This fact notwithstanding, the dysfunction which often occurs following infection by HIV-1 is more severe and less likely to be reversed than that accompanying other sorts of viral illness. Indeed, aids patients commonly lose the ability to mount successful immune responses against a wide variety of opportunistic pathogens and neoplasms, leading to disease susceptibility and often death. Since the discovery of HIV-1 in 1983–84 (2,3), a number of laboratories have actively sought to understand the mechanisms whereby this virus replicates in cells and ultimately destroys them.
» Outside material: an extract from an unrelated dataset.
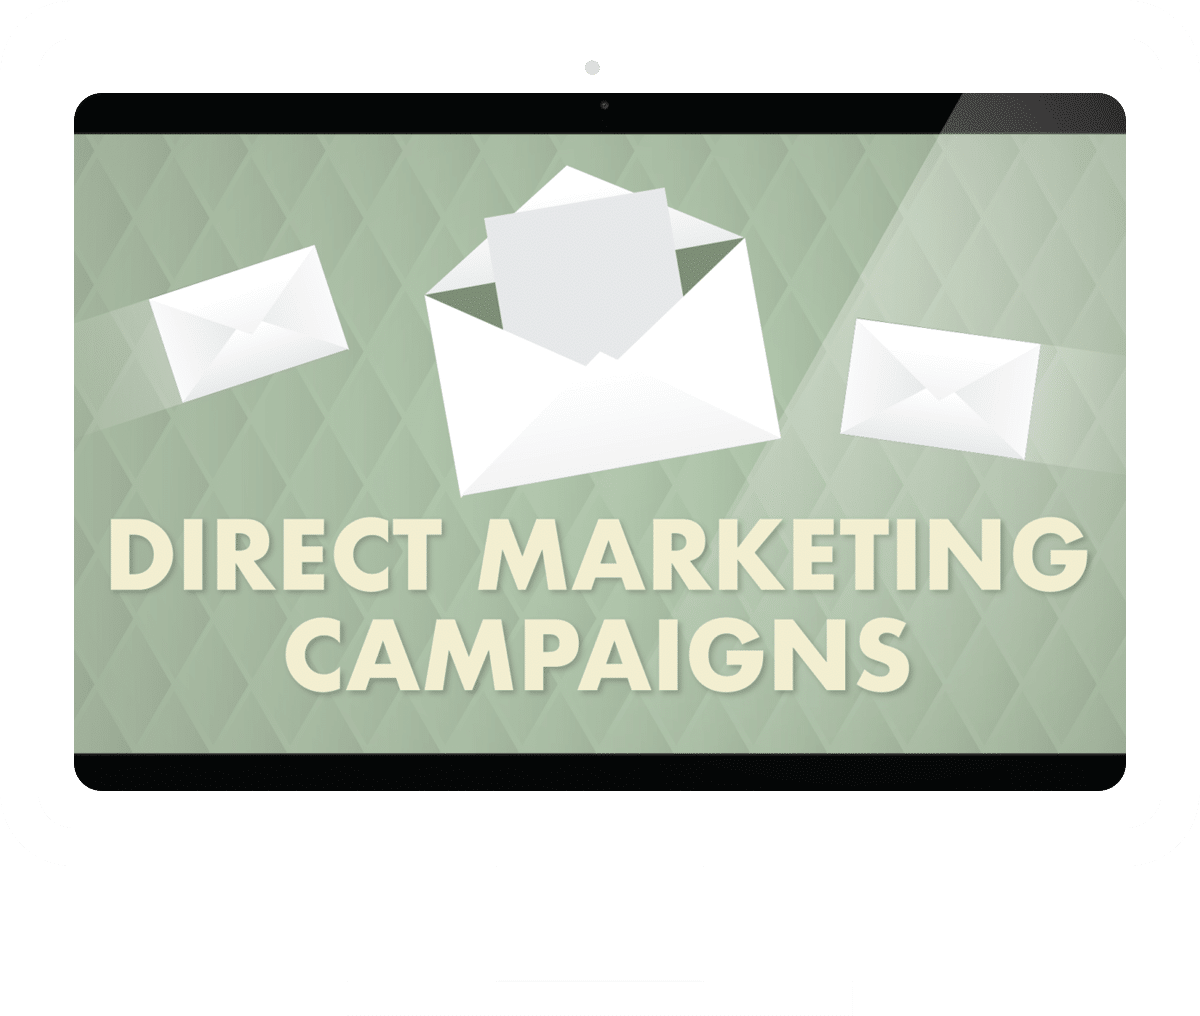 Desktop Monitor Graphic with Direct Marketing Campaigns

Indeed, it is the ability of HIV-1 to grow selectively in and cause destruction of CD4-bearing T lymphocytes (T4 cells) which results in the collapse of the immune system (10).
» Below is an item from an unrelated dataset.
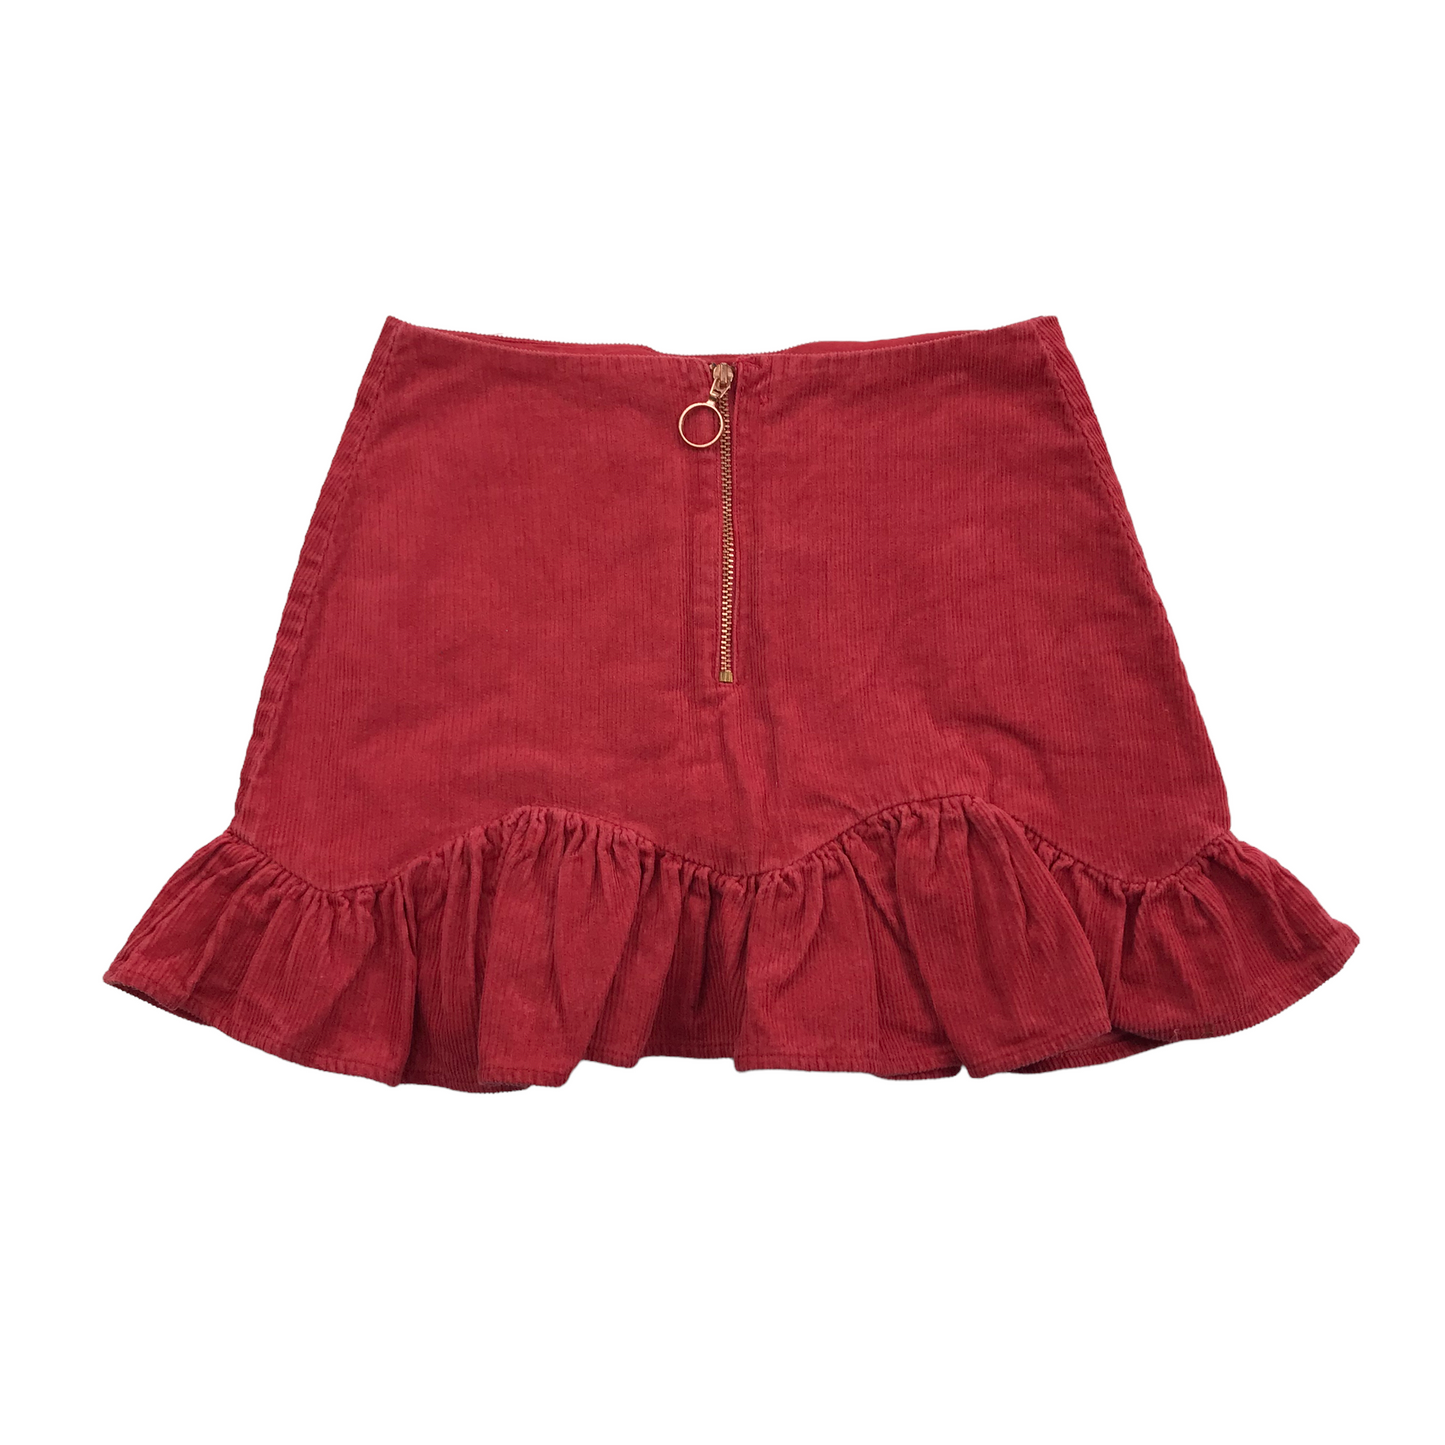 M&S Red Corduroy Love Heart Skirt with Frilled Hem Age 6

In addition, it is important that HIV-1 can replicate in certain other cell types which also play important roles in the immune system. These cells include monocytes and macrophages, as well as endothelial, neural and dendritic cells. HIV-1-infected monocytes are thought to be capable of crossing the blood-brain barrier, and hence are thought to play an important role with regard to the dissemination of HIV-1 to the brain (11). This mechanism is apparently responsible for many of the dementias associated with the neurological consequences of HIV-1 infection and aids.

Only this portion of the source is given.